HPC System Administration & Troubleshooting:
- Manage and optimize HPC clusters, ensuring high availability and performance.
- Troubleshoot GPU, CPU, network drivers, firmware, and OS-level issues.
- Debug storage, networking, and job scheduling bottlenecks in Slurm-based environments.
Kubernetes & Cloud HPC Environments:
- Deploy and manage HPC workloads in Kubernetes for AI/ML and parallel computing.
- Optimize OpenStack-based HPC clusters with Ceph, Cinder, and Neutron for cloud scalability.
- Implement containerized HPC workflows using Kubernetes and OpenShift.
Automation & Infrastructure as Code (IaC):
- Develop Ansible and Terraform scripts for provisioning and managing HPC resources.

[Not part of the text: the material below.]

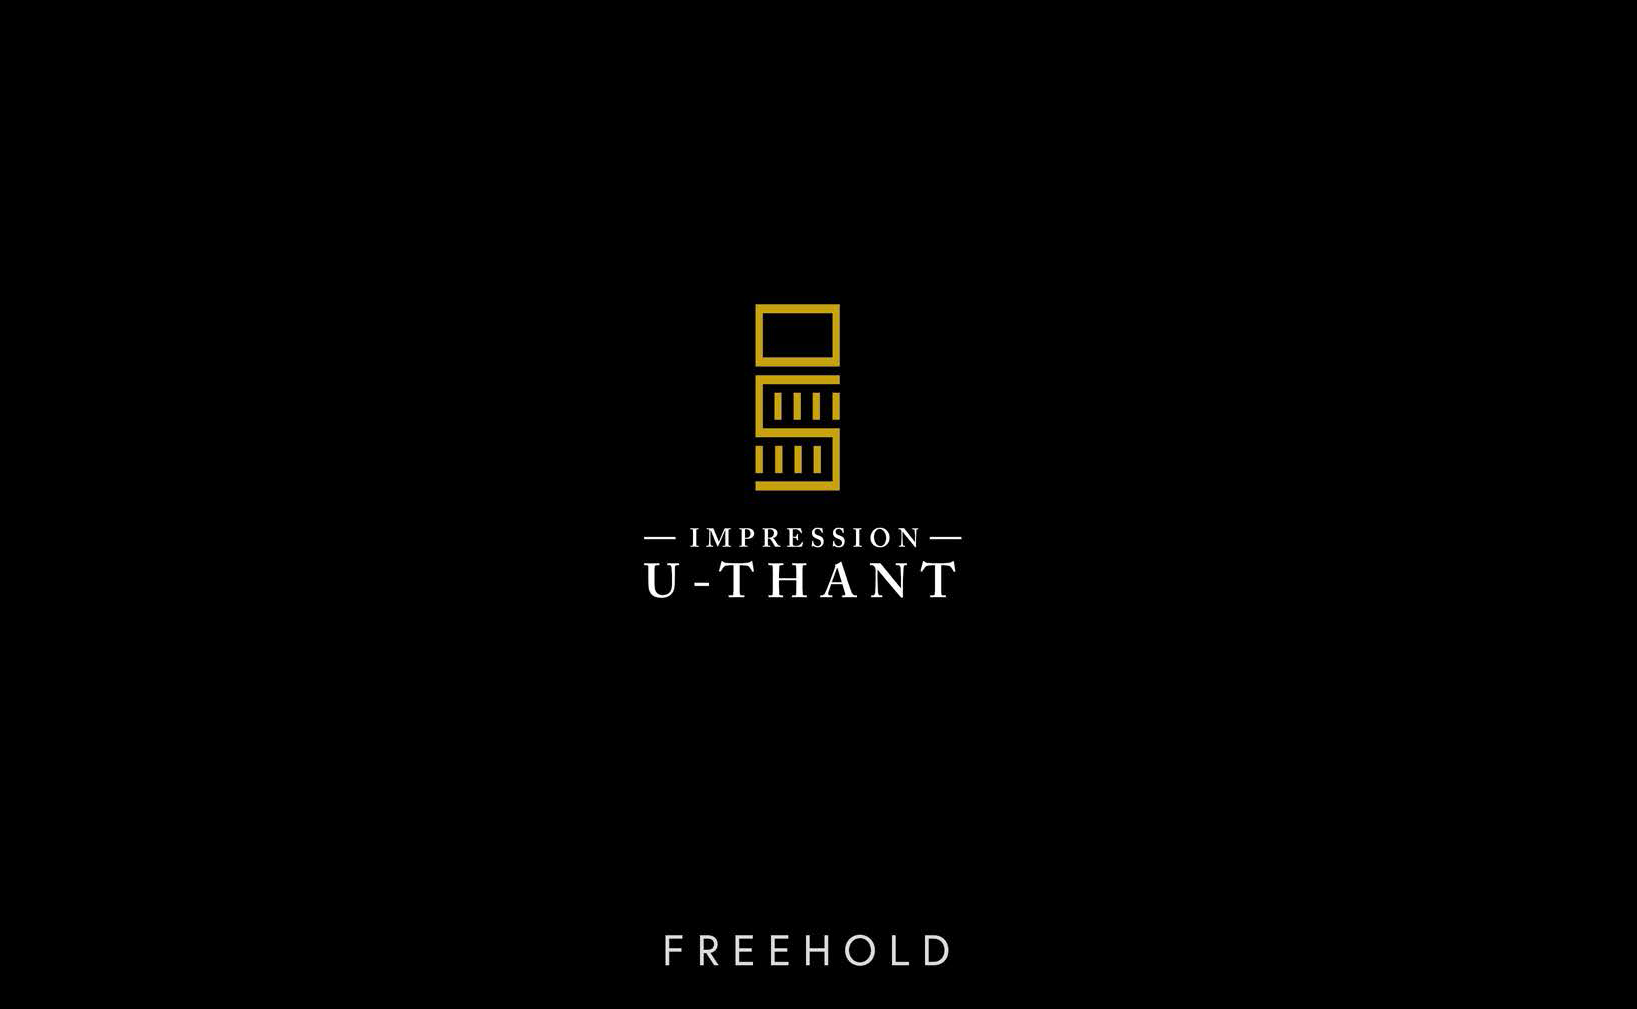 Impression U-Thant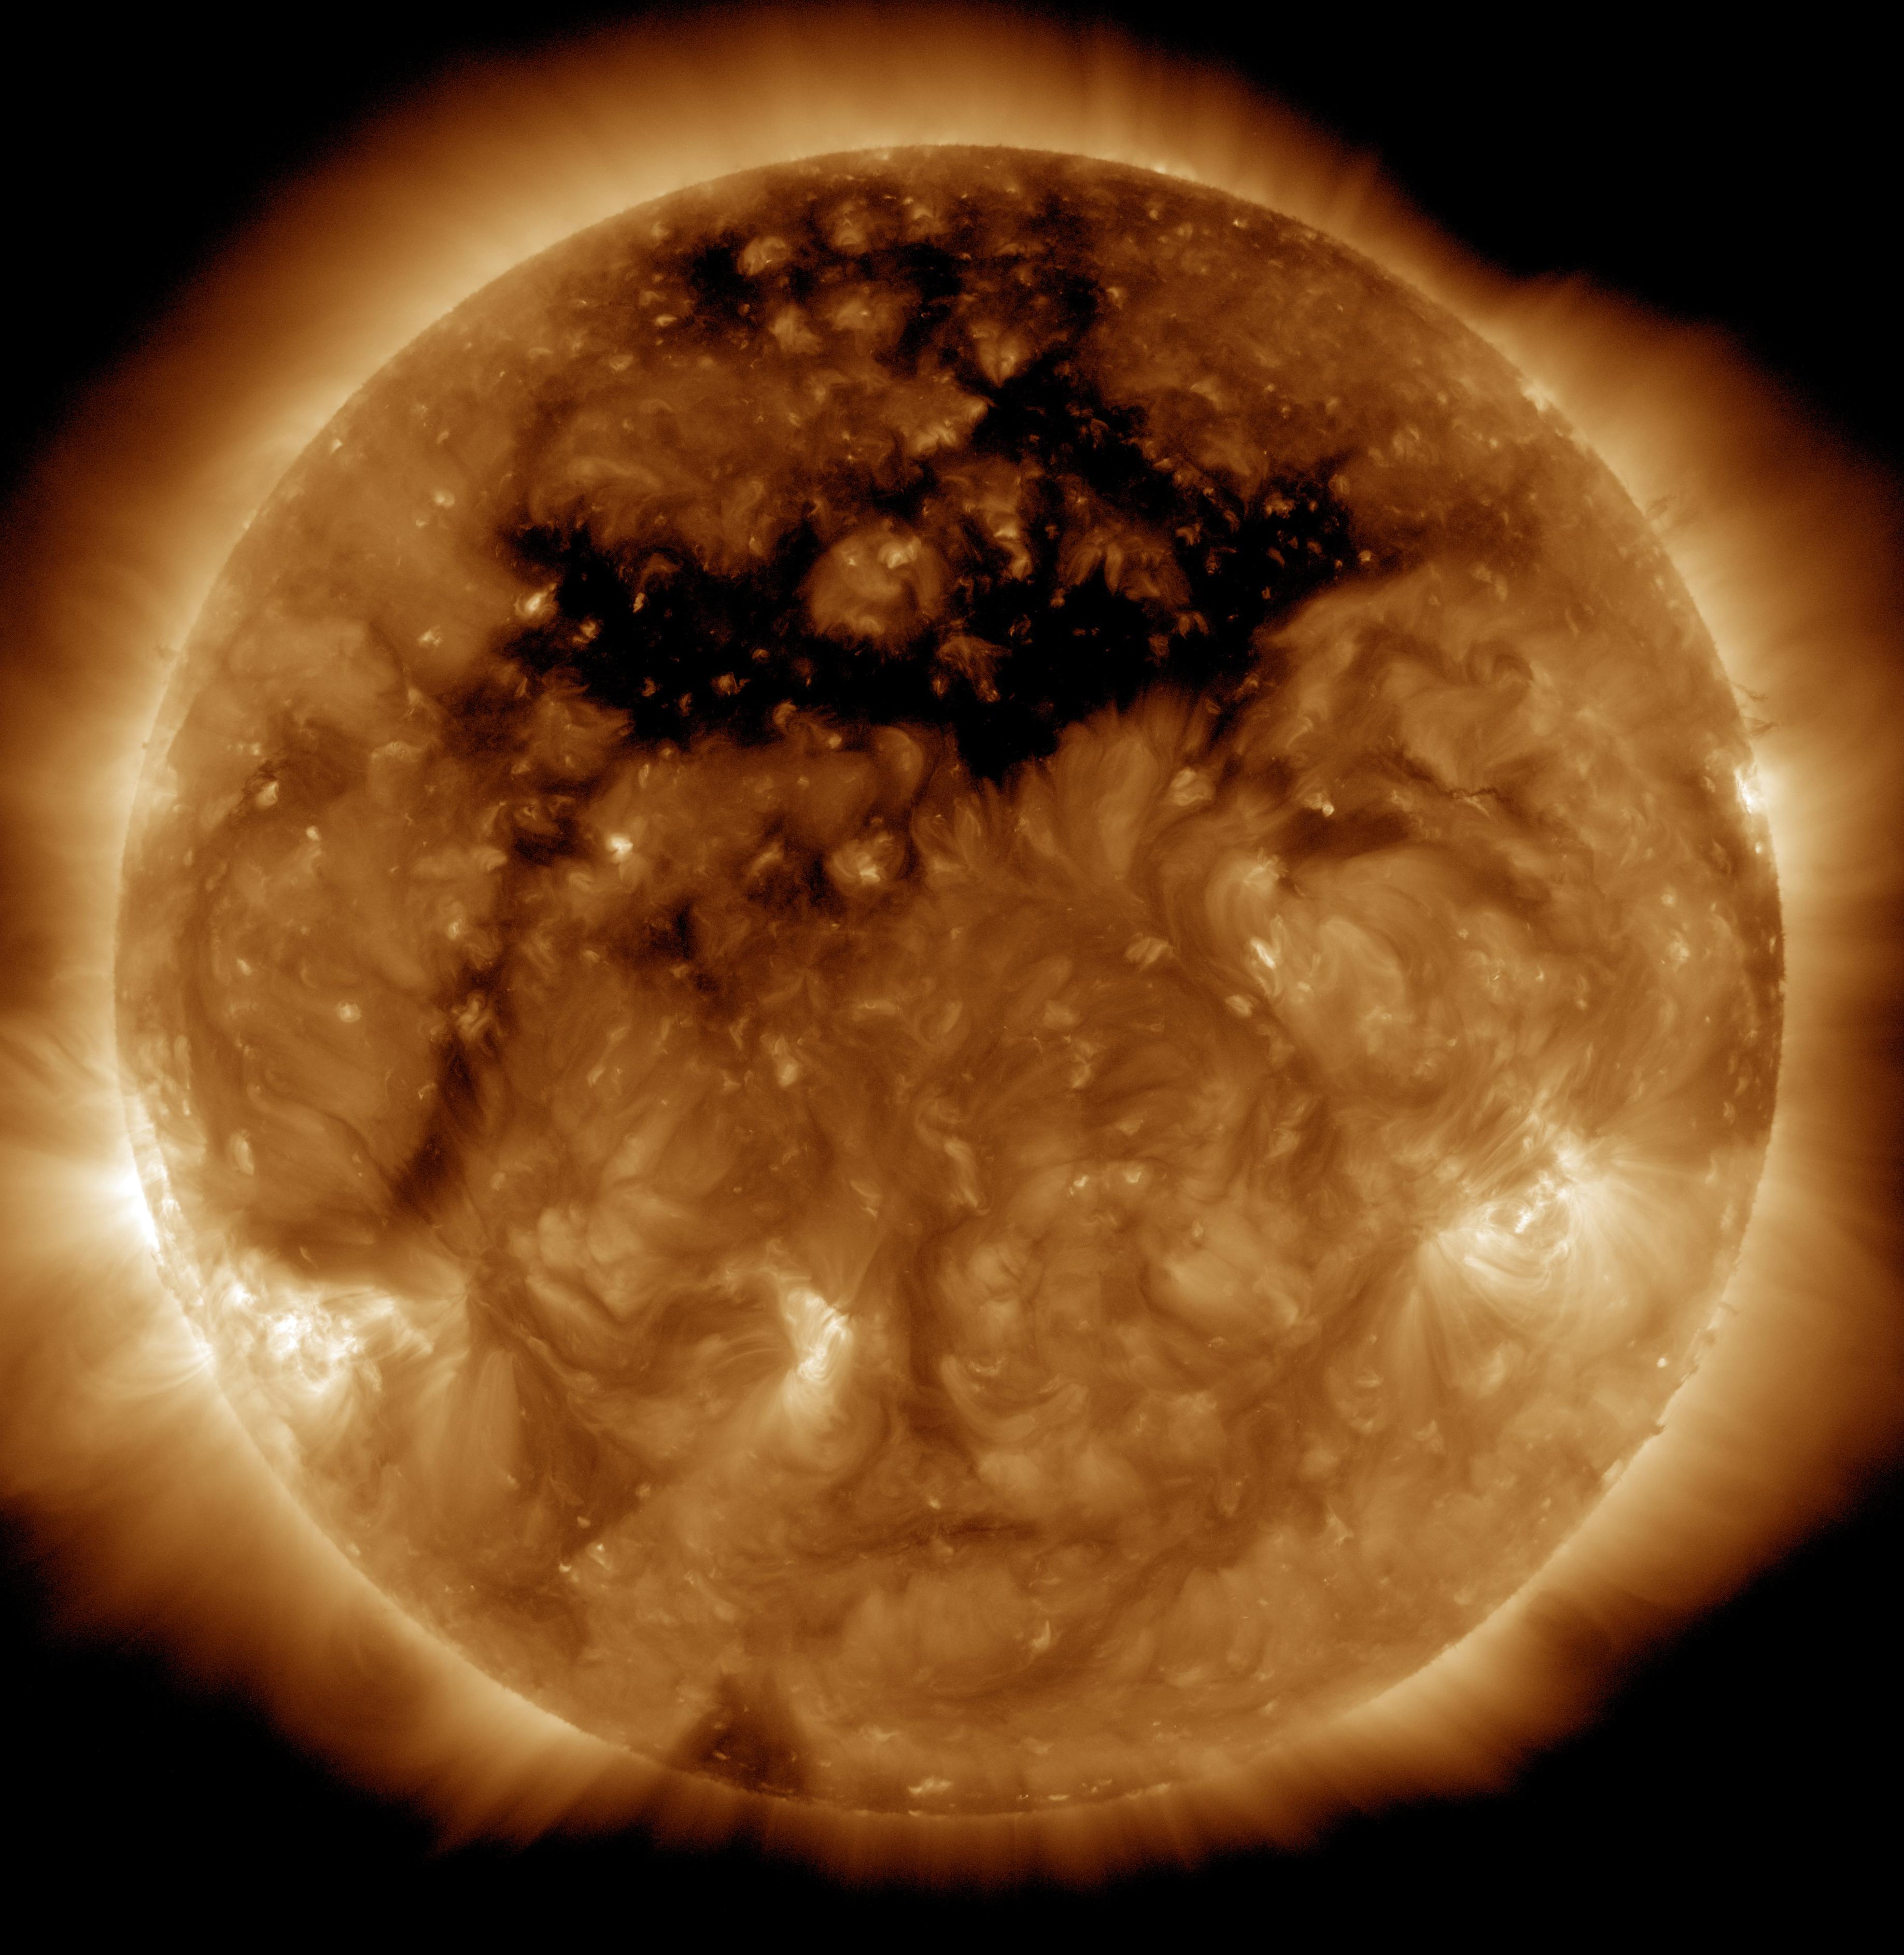 Image credit: NASA/SDO

- Automate job scheduling, cluster monitoring, and log analysis using Python.
- Optimize CI/CD pipelines for HPC and AI/ML applications.
Performance Tuning & Benchmarking:
- Benchmark and optimize multi-node HPC workloads (MPI, NCCL, ROCm, CUDA).
- Tune OS parameters, networking (InfiniBand, RoCE), and Slurm configurations for peak performance.
- Enhance HPC storage performance (Ceph, Lustre, NFS) and distributed computing efficiency.
Client Support & Collaboration:
- Provide real-time technical support and troubleshooting for HPC users.
- Engage with developers, DevOps, and system administrators to optimize cluster performance.
- Document solutions, best practices, and contribute to internal knowledge bases.
PREFERRED QUALIFICATIONS:
- Experience with AMD MI300, MI2X0 GPUs, ROCm, MPI, UCX, or XPMEM.
- Exposure to containerized workloads using Singularity or Docker in HPC.
- Familiarity with OpenStack deployment automation (e.g., TripleO, Kolla, or OpenStack-Ansible).
- Experience in customer-facing technical roles, with a strong ability to troubleshoot live issues.